District Attorney Brown said, “We need to do more. Our laws have not kept up with the rapidly changing nature of identity theft and our State does not currently offer sufficient protection to consumers and businesses victimized by identity theft.”
In 2002 the Legislature adopted a tough new identity theft law. It made identity theft a felony and provided stiff penalties of up to seven years in prison for the unlawful, unauthorized use of personal identifying information, including names, addresses, driver’s license numbers, Social Security numbers, credit and debit card numbers, bank account numbers, computer passwords, mother’s maiden name and ATM codes.

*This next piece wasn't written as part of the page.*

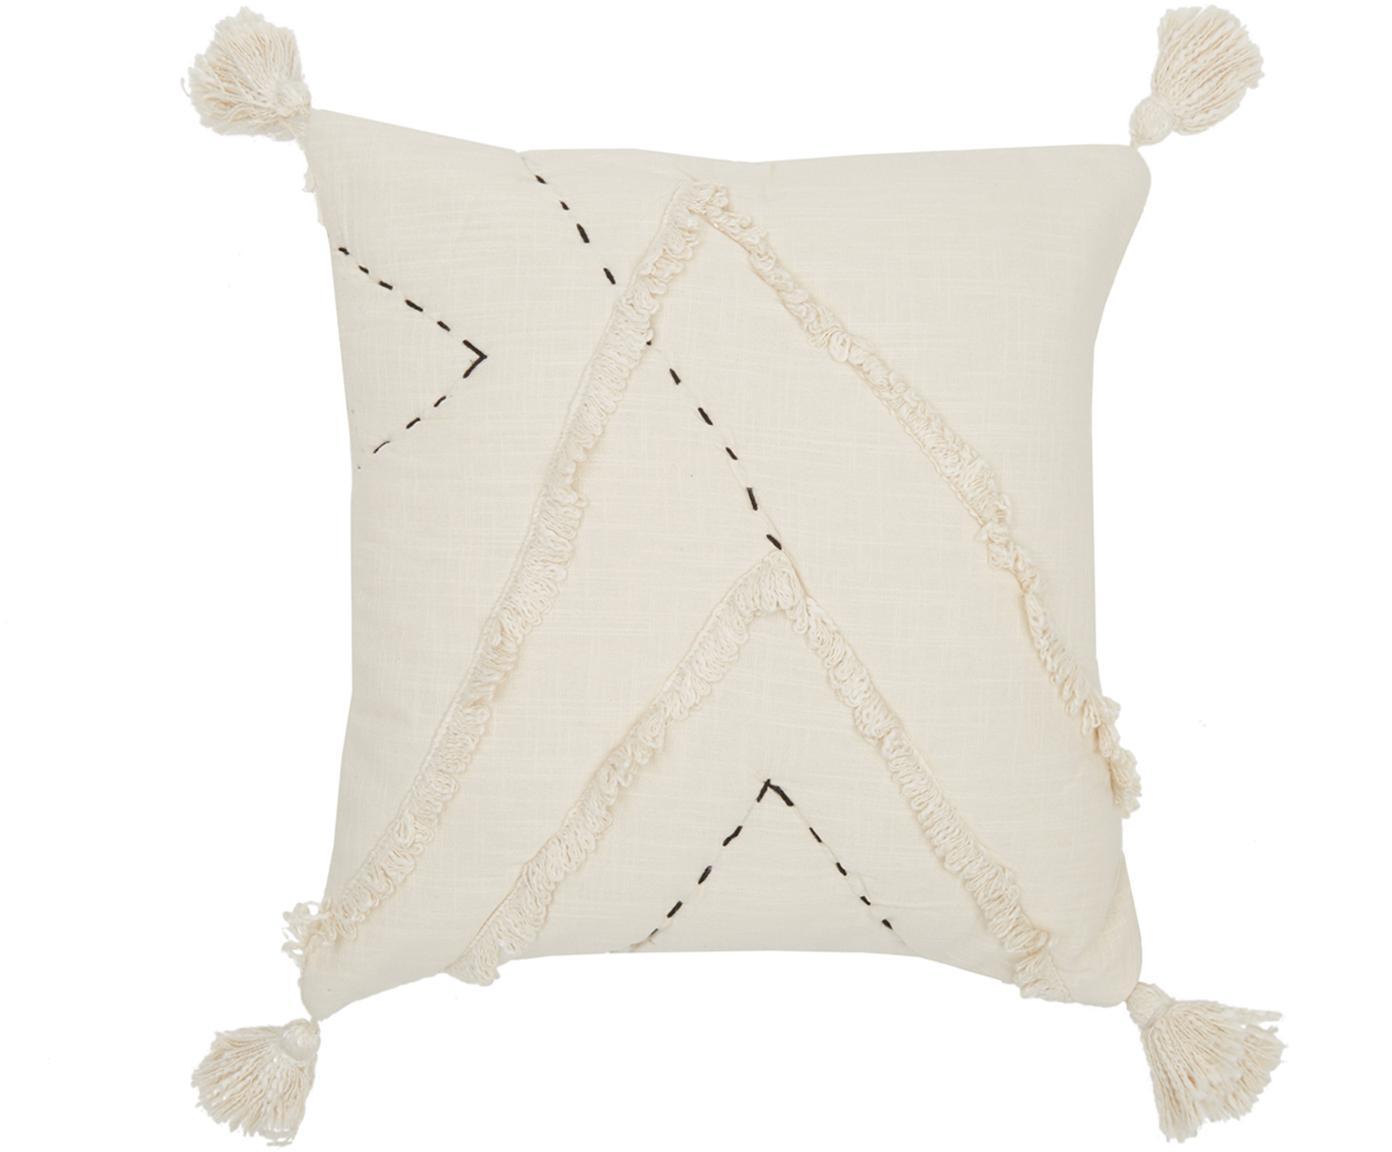 Kussenhoes Lienzo met hoog-laag patroon, 100% katoen, Gebroken wit, 45 x 45 cm

District Attorney Brown has asked lawmakers to take additional steps in light of changes in the nature and extent of identity theft:
- make the theft of a credit card account number a felony punishable by up to four years in prison and to increase the penalties for the crime of identity theft by creating higher levels of felonies for crimes involving large numbers of victims and substantial amounts of money.
- reduce the cost and inconvenience to victims and businesses by allowing them to submit affidavits rather than appear in person in the Grand Jury to authenticate records or confirm ownership of stolen account numbers.
- provide additional resources to District Attorneys to handle these complex and labor intensive cases, including equipping prosecutors’ offices with specially trained attorneys, detectives and forensic accountants to investigate and prosecute identity theft.
The District Attorney said that instances of identity theft and related financial crimes have risen in recent years and that last year his Economic Crimes Bureau had handled over 2,000 identity theft and fraud complaints.
District Attorney Brown said that New York State stands third in the nation in the number of identity theft complaints and seventh in the nation in per capita identity theft reports. He said that identity theft causes annual losses to businesses and financial institutions of nearly $50 billion and out of pocket costs to consumers of another $5 billion.